Serum AKR1B10 as an indicator of unfavorable survival of hepatocellular carcinoma.

机构信息

Hunan Cancer Hospital and the Affiliated Cancer Hospital of Xiangya School of Medicine, Central South University, 283 Tongzipo Road, Changsha, 410013, Hunan, China.

The Affiliated Hospital of Hunan Research Institute of Traditional Chinese Medicine, 58 Lushan Road, Changsha, 410006, Hunan, China.

出版信息

J Gastroenterol. 2023 Oct;58(10):1030-1042. doi: 10.1007/s00535-023-02011-9. Epub 2023 Jul 27.

DOI:10.1007/s00535-023-02011-9
PMID:37500927
Abstract

BACKGROUND AND AIMS

A large-scale multicenter study validated aldo-keto reductase 1B10 (AKR1B10) as a new serum marker of hepatocellular carcinoma (HCC). This study aimed to evaluate the prognostic value of serum AKR1B10 in HCC.

METHODS

273 naïve HCC patients enrolled for serum AKR1B10 tests were followed up for 2 years. Survival and clinical data were collected. Kaplan-Meier survival analysis and log-rank tests were used to estimate correlation of patient survival with serum AKR1B10. Univariate and multivariate COX regression analyses were used to evaluate the prognostic value of serum AKR1B10 level independently or in combination with other clinicopathological factors. α-fetoprotein (AFP) was analyzed in parallel for comparison.

RESULTS

Serum AKR1B10 associated with tumor stage (p = 0.012), size (p = 0.004), primary tumor number (p = 0.019), and Child-Pugh classification (p = 0.003). HCC patients with a high level of serum AKR1B10 (≥ 267.9 pg/ml) had median survival (MS) of 25 months (95% confidence interval [CI] 20.788-29.212) vs. MS of 34 months (CI 28.911-39.089) in patients with normal serum AKR1B10 (p < 0.001). Univariate and multivariate COX regression analyses showed that serum AKR1B10 level was an unfavorable prognostic marker of HCC independently (HR 1.830, 95% CI 1.312-2.552; p < 0.001) or in combination with other clinical factors (HR 1.883, 95% CI 1.264-2.806; p = 0.002), such as TNM stage, tumor size and portal invasion.
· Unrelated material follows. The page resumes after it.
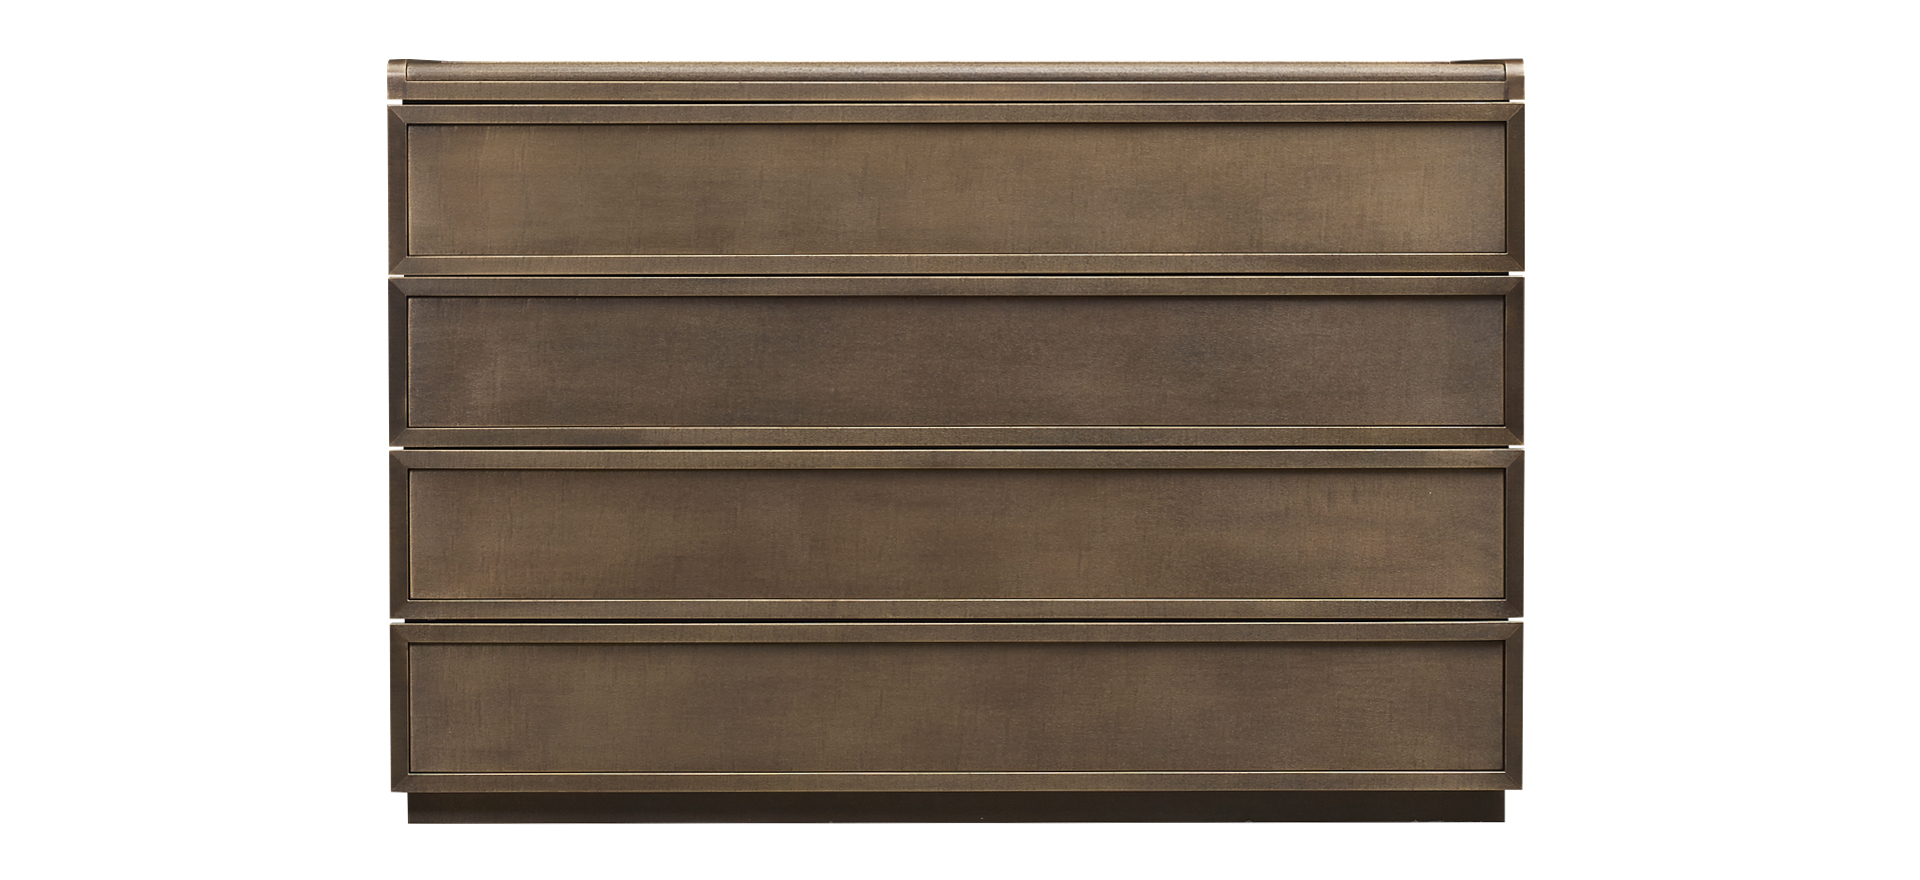 Orione è una cassettiera in legno rivestita in pelle, del catalogo di Promemoria | Promemoria

In the same cohort of HCC patients, AFP exhibited prognostic value at a cut-off of 400 ng/ml, but not at 20 ng/ml and 200 ng/ml.

CONCLUSIONS

Serum AKR1B10 is a new prognostic marker of HCC, better than AFP.

摘要

背景与目的

一项大规模多中心研究验证了醛酮还原酶 1B10(AKR1B10)是肝细胞癌(HCC)的新型血清标志物。本研究旨在评估血清 AKR1B10 对 HCC 的预后价值。

方法

对 273 例接受血清 AKR1B10 检测的初治 HCC 患者进行了 2 年的随访。收集生存和临床数据。采用 Kaplan-Meier 生存分析和对数秩检验评估患者生存与血清 AKR1B10 的相关性。采用单因素和多因素 COX 回归分析评估血清 AKR1B10 水平独立或与其他临床病理因素联合的预后价值。同时分析甲胎蛋白(AFP)进行比较。

结果

血清 AKR1B10 与肿瘤分期(p=0.012)、肿瘤大小(p=0.004)、肿瘤数目(p=0.019)和 Child-Pugh 分级(p=0.003)相关。血清 AKR1B10 水平升高(≥267.9 pg/ml)的 HCC 患者中位生存期(MS)为 25 个月(95%置信区间 [CI] 20.788-29.212),而血清 AKR1B10 水平正常(<267.9 pg/ml)的患者 MS 为 34 个月(CI 28.911-39.089)(p<0.001)。单因素和多因素 COX 回归分析显示,血清 AKR1B10 水平是 HCC 的独立不良预后标志物(HR 1.830,95%CI 1.312-2.552;p<0.001)或与其他临床因素(HR 1.883,95%CI 1.264-2.806;p=0.002)联合,如 TNM 分期、肿瘤大小和门静脉侵犯。在同一批 HCC 患者中,AFP 在截断值为 400 ng/ml 时具有预后价值,但在截断值为 20 ng/ml 和 200 ng/ml 时无预后价值。

结论

血清 AKR1B10 是 HCC 的一种新的预后标志物,优于 AFP。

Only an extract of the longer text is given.